Protein extraction and western blotting

Cells were rinsed twice with cold PBS and lysed by RIPA buffer (Thermo Fisher Scientific, Waltham, MA, USA) containing protease inhibitor cocktail (Roche). Protein (40 μg per sample) was separated by SDS-PAGE using a 10% polyacrylamide gel. The proteins were transferred electrophoretically onto a PVDF membrane. Blotted membranes were blocked in 5% skimmed milk diluted in TBST, followed by incubation with appropriate primary antibodies (anti-EGFR, anti-cyclin D1, CDK4, anti-cyclin D2, anti-p21, anti-p57, anti-MMP-7, anti-MMP-9, anti-cleaved caspase 3, and anti-GADPH; obtained from Cell Signaling Technology and all the antibodies were diluted 1:1000.) overnight at 4°C. The membranes were then washed for 5 minutes for three times with TBST, and subsequently incubated for 1 hour with HRP-linked secondary antibody (Cell Signaling Technology) at room temperature. GADPH was used as an internal control. The blots were detected using an enhanced chemiluminescence kit (Millipore) and subjected to autoradiography using X-ray film.

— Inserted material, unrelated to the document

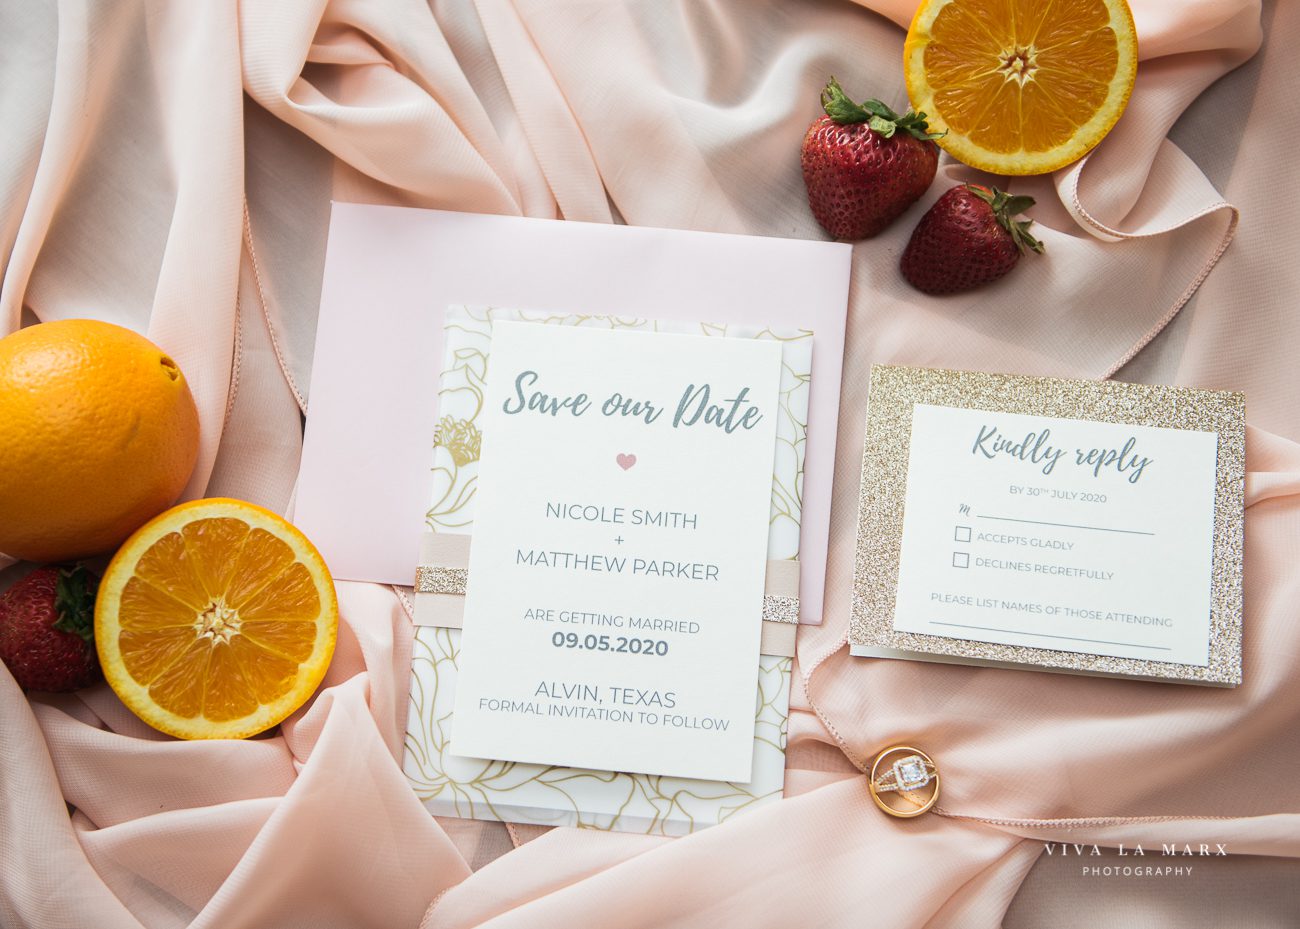 Wedding invitation, rings, strawberries, and, oranges

RNA isolation and quantitative reverse transcription poly-merase chain reaction (qRT-PCR)

Total RNA from the cultured cells was extracted using Trizol reagent (Invitrogen) according to the manufacturer’s instructions. MiRNA levels were measured by qRT-PCR. For the qRT-PCR detection of mature miR-875-5p expression, we purchased the Bulge-Loop™ miRNA qRT-PCR Primer Set and the miRNA qRT-PCR Control Primer Set (both from RiboBio). RNA (2 μg) was converted into cDNA using the PrimeScript™ RT reagent kit with gDNA Eraser (Takara, Dalian, China) according to the manufacturer’s instructions. qRT-PCR was performed using SYBR® Premix Ex Taq™ II (Takara) in the ABI PRISM® 7300 real-time PCR system (Applied Biosystems, Foster City, CA,USA). GADPH and U6 were used as endogenous controls. In addition, melting curves were used to evaluate non-specific amplification. The relative expression level was calculated using the 2−ΔΔCt method. The primer sequences used in this study are as follows: the primers of miR-875-5p were purchased from RiboBio (RiboBio Co., Ltd, Guangzhou, China); human EGFR: sense: 5-CGAATGGGCCTAAGATCCCG-3, antisense: 5-GGAGCCCAGCACTTTGATCT-3’; human MMP-7: sense: 5-GAGTGCCAGATGTTGCAGAA-3, antisense: 5-AAATGCAGGGGGATCTCTTT-3’ ; human MMP-9: sense: 5-CTGCAGTGCCCTGAGGACTA-3, antisense: 5-ACTCCTCCCTTTCCTCCAGA-3 ; The formula and its derivations were obtained from the ABI Prism 7300 sequence detection system user guide. Statistical analysis was performed on the fold change.

Colony formation assay

Cells were transfected with miR-875-5p mimic or miR mimic NC, miR-875-5p inhibitor or miR inhibitor NC, as described above. Twenty-four hours later, transfected cells were trypsinized, counted and replated at a density of 1000 cells/6 cm dish. The medium was changed every three days. After ten days, the cells were washed with PBS, fixed with 4% paraformaldehyde for 30 minutes, and then stained with crystal violet for 30 minutes for visualization and counting. Colonies containing at least 50 cells were scored. Each assay was performed in triplicates.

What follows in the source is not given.